Yanımdaki adam bu hareketi gördüm dercesine bacak bacak üzerine atıp paçasındaki tozu bir aktör edası ile pat pat vurup çırpıyor. Tozu çırpmak için bacak bacak üzerine atmış gibi görünse de asıl amacının toz değil oturuş pozisyonuyla üstünlük sağlamak olduğunu anlıyorum. Üstlerimi iyi tanırım. Bayraklı flamalı, kollu bacaklı, afişli ve sloganlı, savaş bilançosunun korkunçluğu ile övünen bir Batılı orduya dönüşüyor adam. Savaş için barışan liderlerinin izinde, barış için savaşan bir ordu. Tramvayın dışında nişanlımın hayali, içeride bu Haçlı askeri, kuşatıldığımı hissediyorum. Birbirimizi yok edene kadar savaşacağız. Adam attığı bacağından ayağı sarkıp ağrımasın diye ayak bileğini eliyle tutuyor.

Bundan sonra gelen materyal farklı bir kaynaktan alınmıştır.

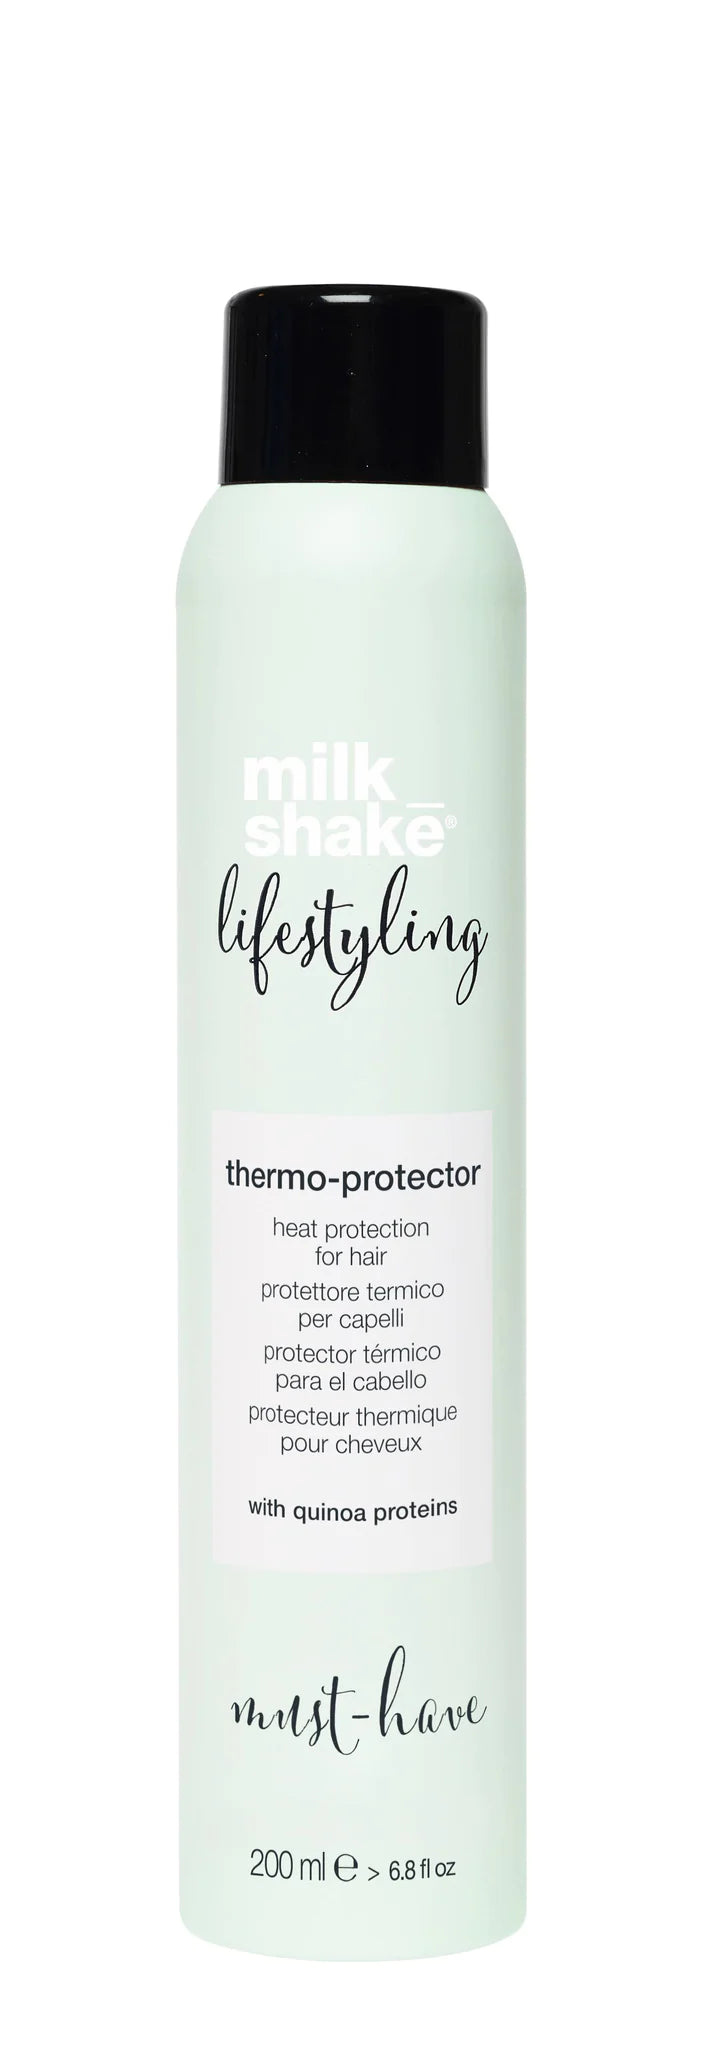 Milkshake Lifestyling Thermo-protector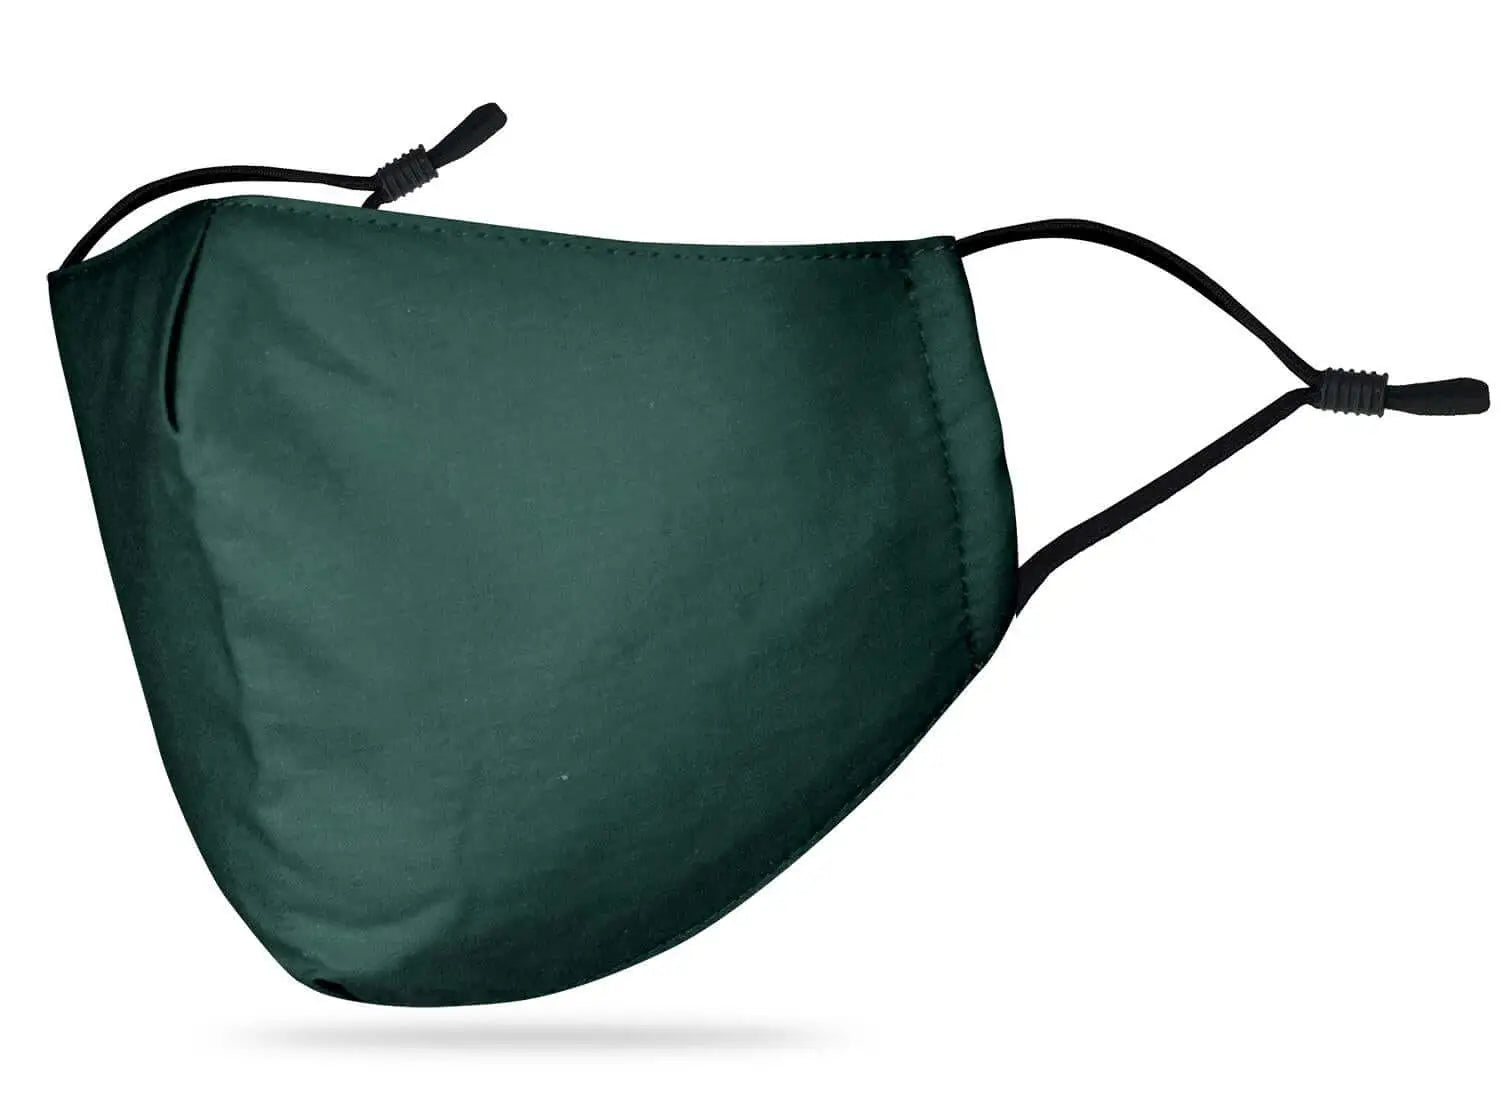 Green cotton fashion face mask with black elastic straps - 3D Design 100% Cotton.

Bunu anlayışla karşılıyorum. Diğer yandan bileğinden kavranan ayak müziğe eşlik ediyor ve ritim tutmaya başlıyor. Bunu anlayışla karşılamam mümkün değil. Bu görüntü bir anda askerlerin koşusunu andırıyor. Kişiliğimin üzerinde bir ordu silahlı koşu yapıyor. Botların tabanları pütürlerimi düzleyip, çıkıntılarımı toprağa iade ediyor. Küreselleşiyorum. Adam bir an dönüp belli belirsiz gülümsüyor, asık suratımla bu hareketi geçiştiriyorum. O flash mob organizasyonun tatlı bir çocuğuna dönüşse de, ben Irak’ta annesini kurtarmaya çalışan yaralı bir çocuğum. O planking yapan canı sıkkın bir gence dönüşse de ben Halep’te enkazın üzerine sırtüstü düşen bir muhalifim. O tebowing yapan batılı bir öğrenci ise ben Bakırköy ruh ve sinir hastalıkları bahçesindeki düşünen adam heykeliyim. O cips kola pizza, ben mülteci kamplarına fırlatılmış bir dilim ekmek. O Wall Street, ben Sırat köprüsü.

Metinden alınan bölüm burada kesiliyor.